Dialoghi di Estetica. Su Lo scolabottiglie di Duchamp di Migliorini
Chi e cosa decide che cos’è arte? Questa è una delle domande a cui tenta di rispondere il libro del grande filosofo. Ce ne parla Roberto Paolo Malaspina
Un artista che ha trasformato profondamente le arti, i modi di farle e di discuterle: Marcel Duchamp. Ne ha esaminato la poetica il filosofo Ermanno Migliorini, mettendola in relazione ai temi del valore e del discorso critico. La casa editrice Johan & Levi ha ripubblicato il suo libro “Lo scolabottiglie di Duchamp”. Ne abbiamo parlato con Roberto Paolo Malaspina – storico dell’arte, attualmente dottorando in estetica presso l’Università degli Studi di Milano e membro del progetto ERC AN-ICON guidato dal Prof. Andrea Pinotti – nonché autore della prefazione del volume.
Il libro Lo scolabottiglie di Duchamp secondo Roberto Paolo Malaspina
Originariamente Lo scolabottiglie di Duchamp è stato pubblicato nel 1970 per le Edizioni d’arte Il Fiorino di Firenze. Quali sono le principali ragioni che hanno motivato questa nuova edizione con la casa editrice Johan & Levi?

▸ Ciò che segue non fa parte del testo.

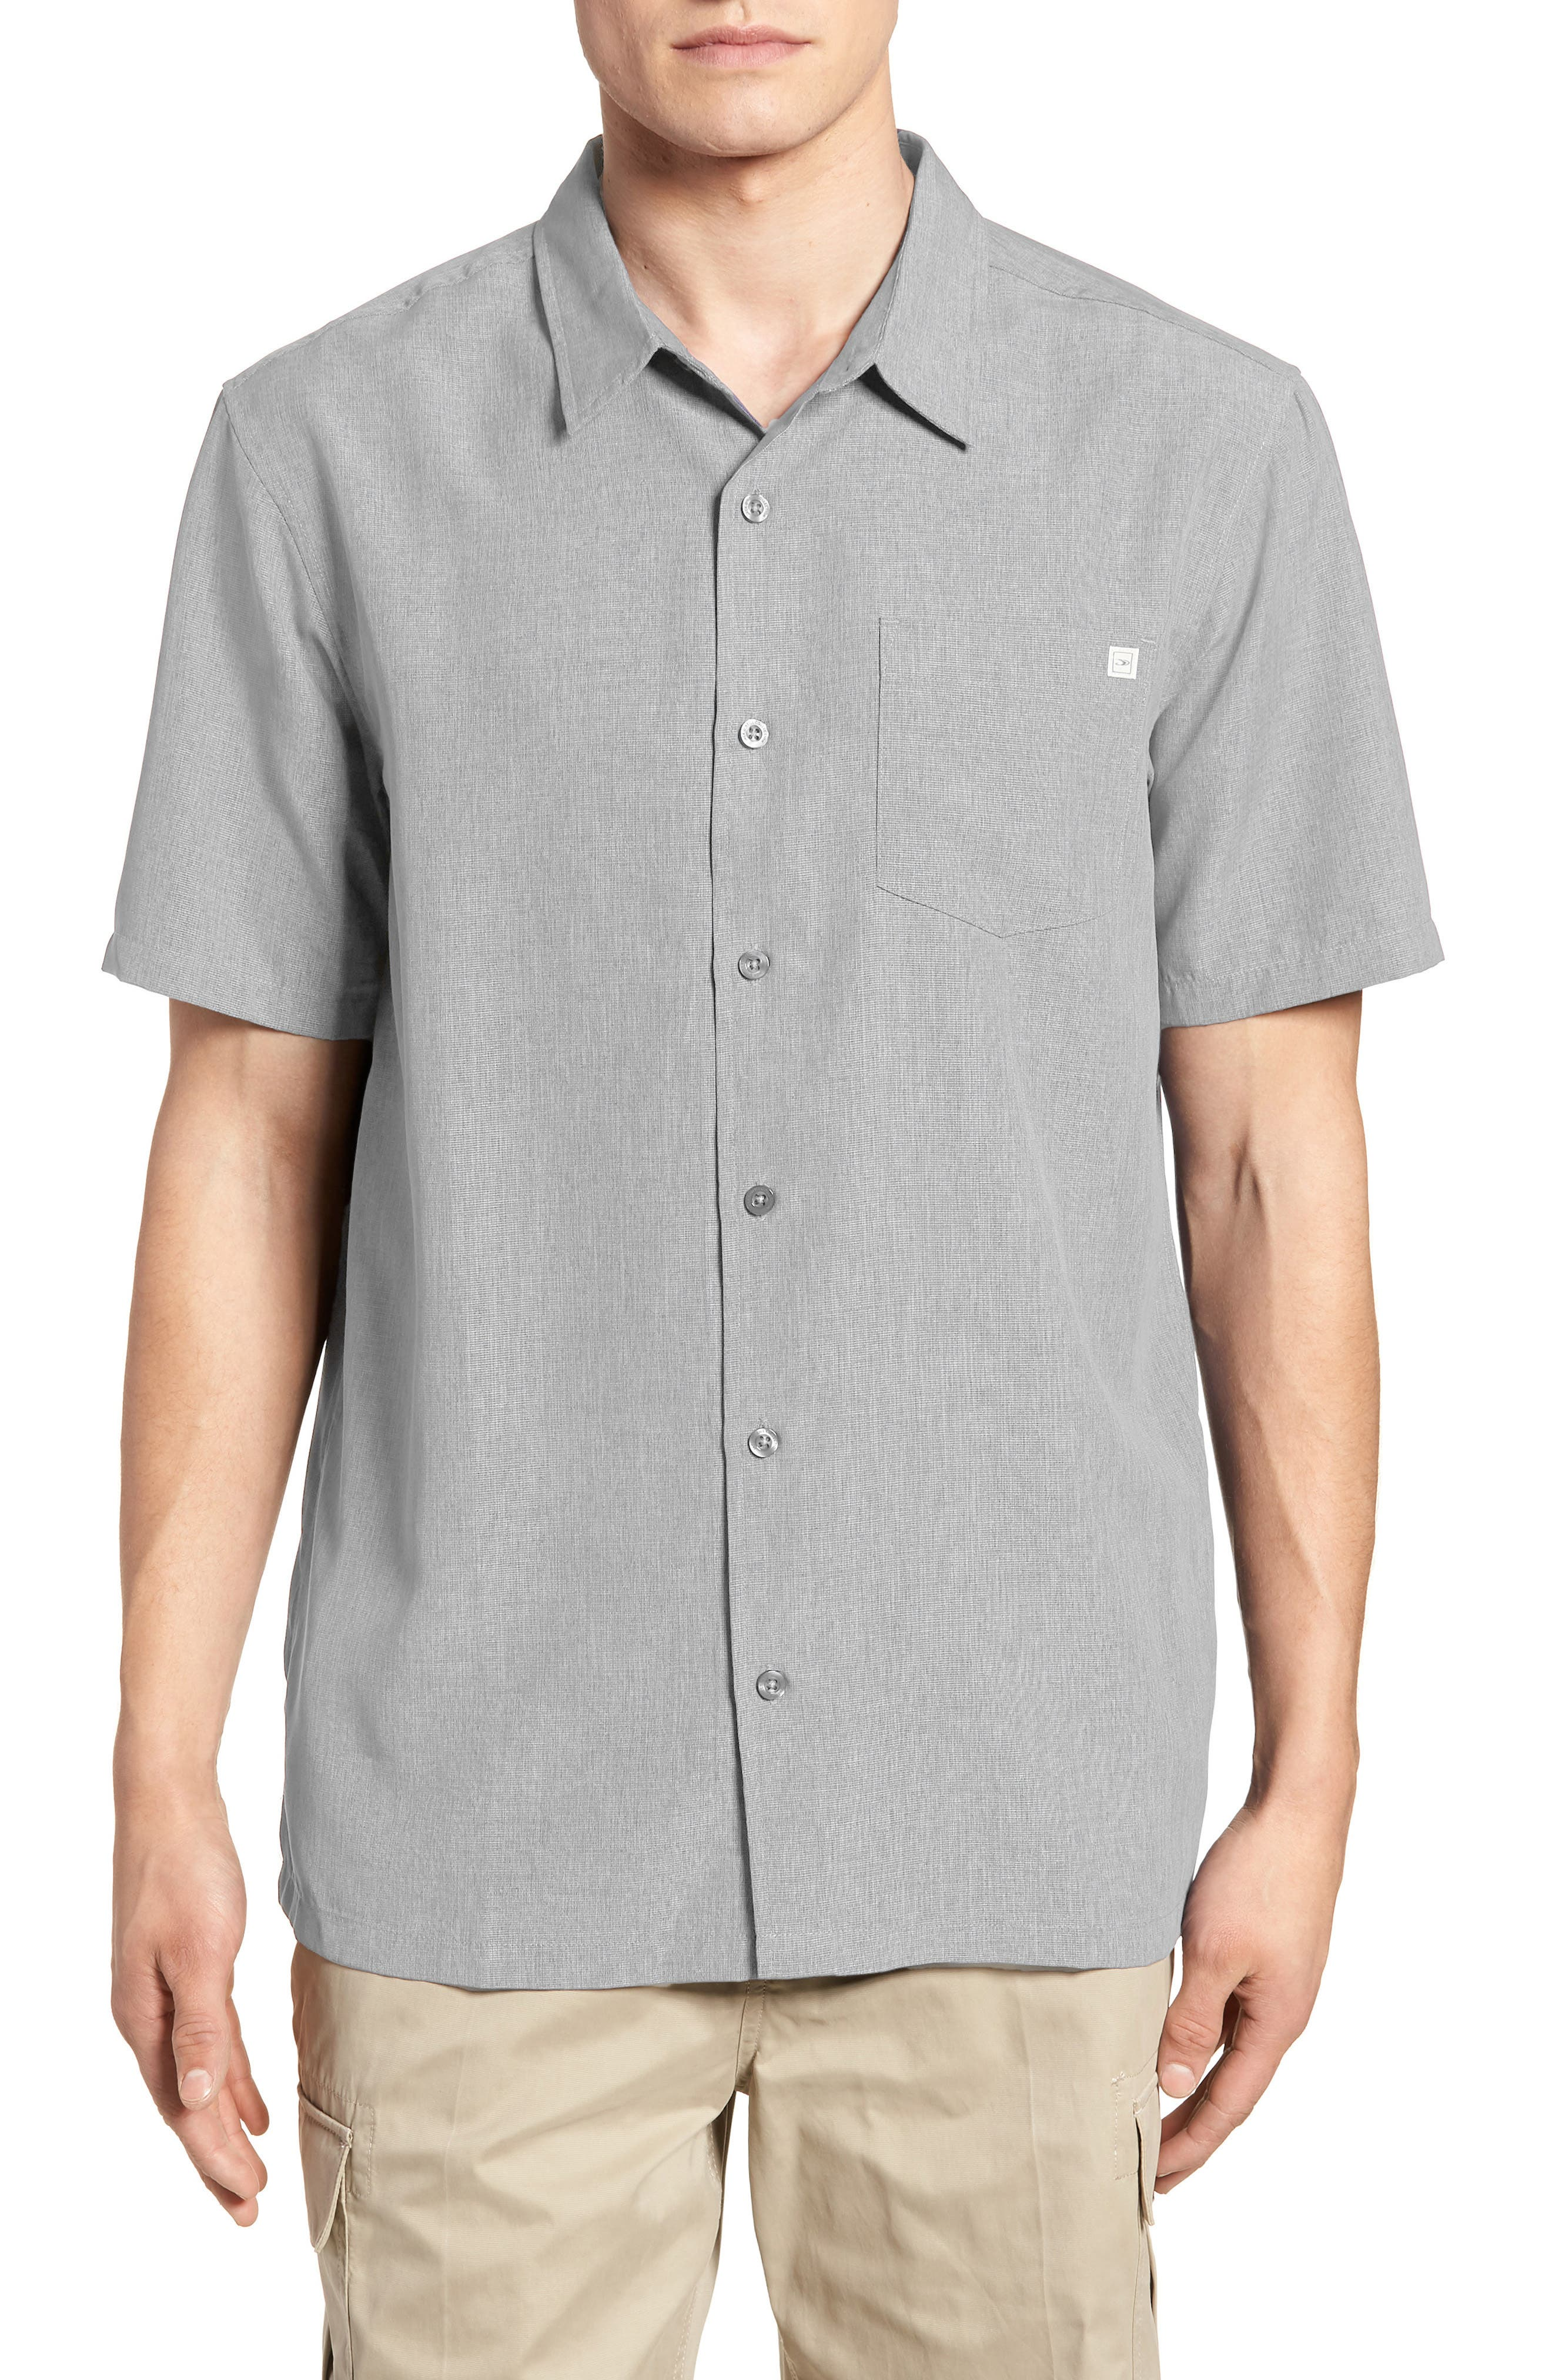 Liberty Regular Fit Short Sleeve Sport Shirt,                             Main thumbnail 1, color,                             Light Grey

Johan & Levi ha sempre avuto un occhio particolarmente attento ai dibattiti sulle arti contemporanee. La pubblicazione di questo volume ne è un’ulteriore conferma. La figura di Duchamp, uno dei protagonisti del testo, è infatti stata oggetto di una recente riscoperta teorica e storico-artistica. Pensiamo a saggi fondamentali quali The Apparently Marginal Activities of Marcel Duchamp di Elena Filipovic e mostre come l’attualmente in corso Marcel Duchamp and the Lure of the Copy alla Peggy Guggenheim Collection di Venezia. L’attenzione dedicata all’artista, o all’an-artista, come preferiva essere chiamato, ha determinato un’importante rivalutazione delle sue attività teoriche e curatoriali che, ancora oggi, attivano riflessioni ontologiche sull’arte attuali. A differenza di quello che il titolo del volume sembrerebbe suggerire, Duchamp è pero solo uno dei protagonisti della riflessione di Migliorini che si insinua con particolare acume nel suo presente e negli artisti a lui contemporanei. Io credo che un testo come Lo scolabottiglie di Duchamp – ed è quello che ho cercato di sottolineare con la mia prefazione – sia oggi particolarmente rilevante per due motivi. Da una parte esso situa storicamente un pensatore attento che, in sincronia con la riflessione sull’istituzione artistica e critica – si pensi ad autori come Arthur Danto e George Dickie – anche in Italia propone un ragionamento analitico che interroga gli spazi e i protagonisti dell’art world. Dall’altra, il volume riaccende una questione essenziale anche per la nostra contemporaneità: quali sono gli elementi, i processi e gli attori che decidono cosa è arte?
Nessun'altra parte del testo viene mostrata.